Build: `cargo rustc --release --features ffi --crate-type cdylib`
---
## PodBus — SPMC broadcast ring
`PodBus<T: Pod>` is a single-producer, multi-consumer broadcast ring for `Pod` types. It lives entirely in process memory (no SHM) and is designed for high fan-out scenarios where one producer feeds many consumers with the same data stream.
**Architecture:**
```
PodBus<T>
ring: Box<[Slot<T>]> power-of-two array of seqlock-stamped slots
mask: u64 ring_size - 1, for bitmask indexing
write_seq: AtomicU64 monotonic publish counter
Slot<T>
stamp: AtomicU64 seqlock: 0 = never written, odd = writing, even = committed
data: UnsafeCell<T> payload (volatile read/write)
PodSubscriber<T>
cursor: u64 independent read position per consumer
```
**Seqlock stamp protocol:**
- `0` — slot never written
- `seq * 2 + 1` (odd) — write in progress, readers must retry
- `(seq + 1) * 2` (even) — committed and readable
The publisher writes the data between the odd and even stamp transitions. Subscribers snapshot the stamp, read via `read_volatile`, then verify the stamp is unchanged. If the stamp changed mid-read, the data was torn and the read is discarded.
**Key properties:**
- Publish is O(1) regardless of subscriber count — no per-subscriber bookkeeping
- Each `PodSubscriber` tracks its own cursor independently
- Subscribers that fall behind auto-skip to the oldest available data (lossy)
- `T: Pod` ensures all bit patterns are valid, so torn reads are harmless (just discarded)
- No heap allocation on publish or receive
---
## Subscriber count
Each topic entry contains an `AtomicU32` counter at offset `0x78` (`TE_SUBSCRIBER_COUNT`) that tracks the number of live `Stream` objects for that topic.
- **Increment**: When `Subscriber::subscribe()` creates a new `Stream`, the counter is incremented via `fetch_add(1, Relaxed)`.
- **Decrement**: `Stream` implements `Drop`, which decrements the counter via `fetch_sub(1, Relaxed)`.
- **Query**: `Publisher::subscriber_count(&self, handle) -> Result<u32, Error>` reads the counter. The FFI equivalent is `crossbar_topic_subscriber_count()`.

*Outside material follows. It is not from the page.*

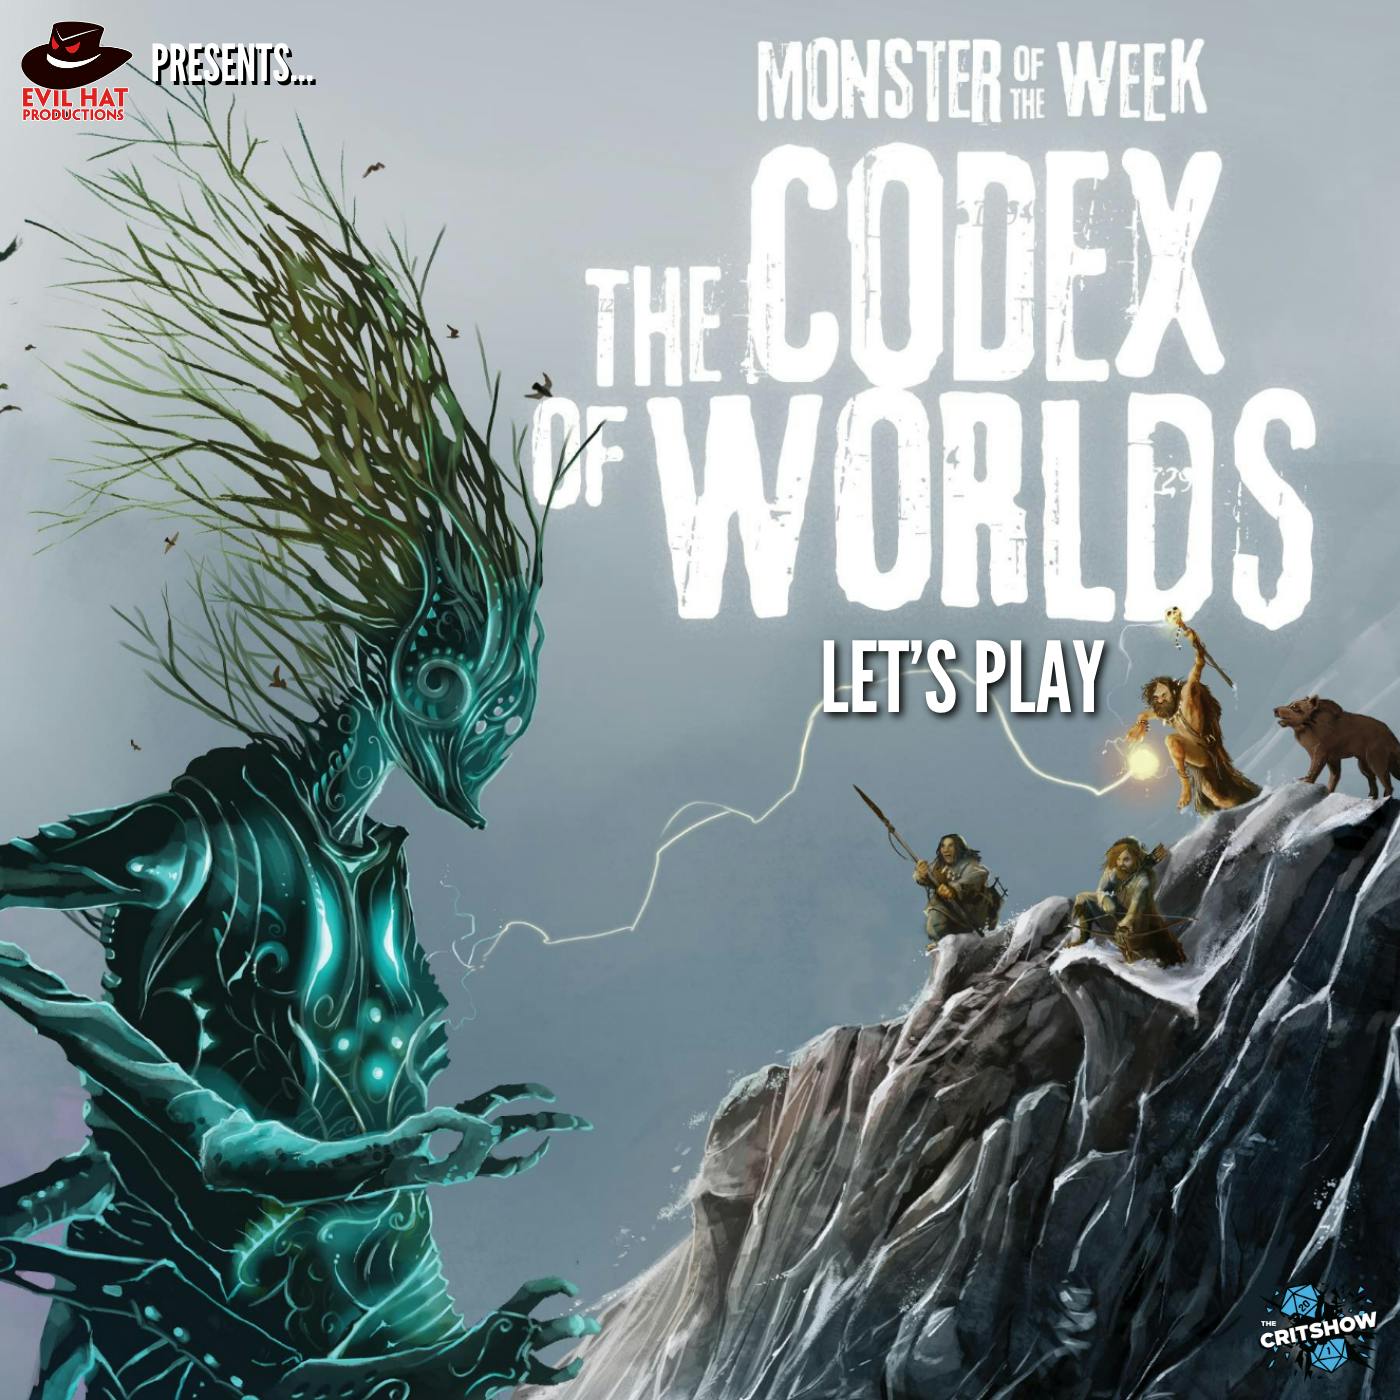 The Critshow: The Codex of Worlds (Pt 5)

The counter uses `Relaxed` ordering because it is advisory — publishers use it for monitoring and graceful shutdown, not for correctness-critical synchronization. The `Channel` field order ensures `rx: Stream` is declared before `_rx_sub: Subscriber`, so the subscription drops (and decrements the counter) before the subscriber unmaps the region.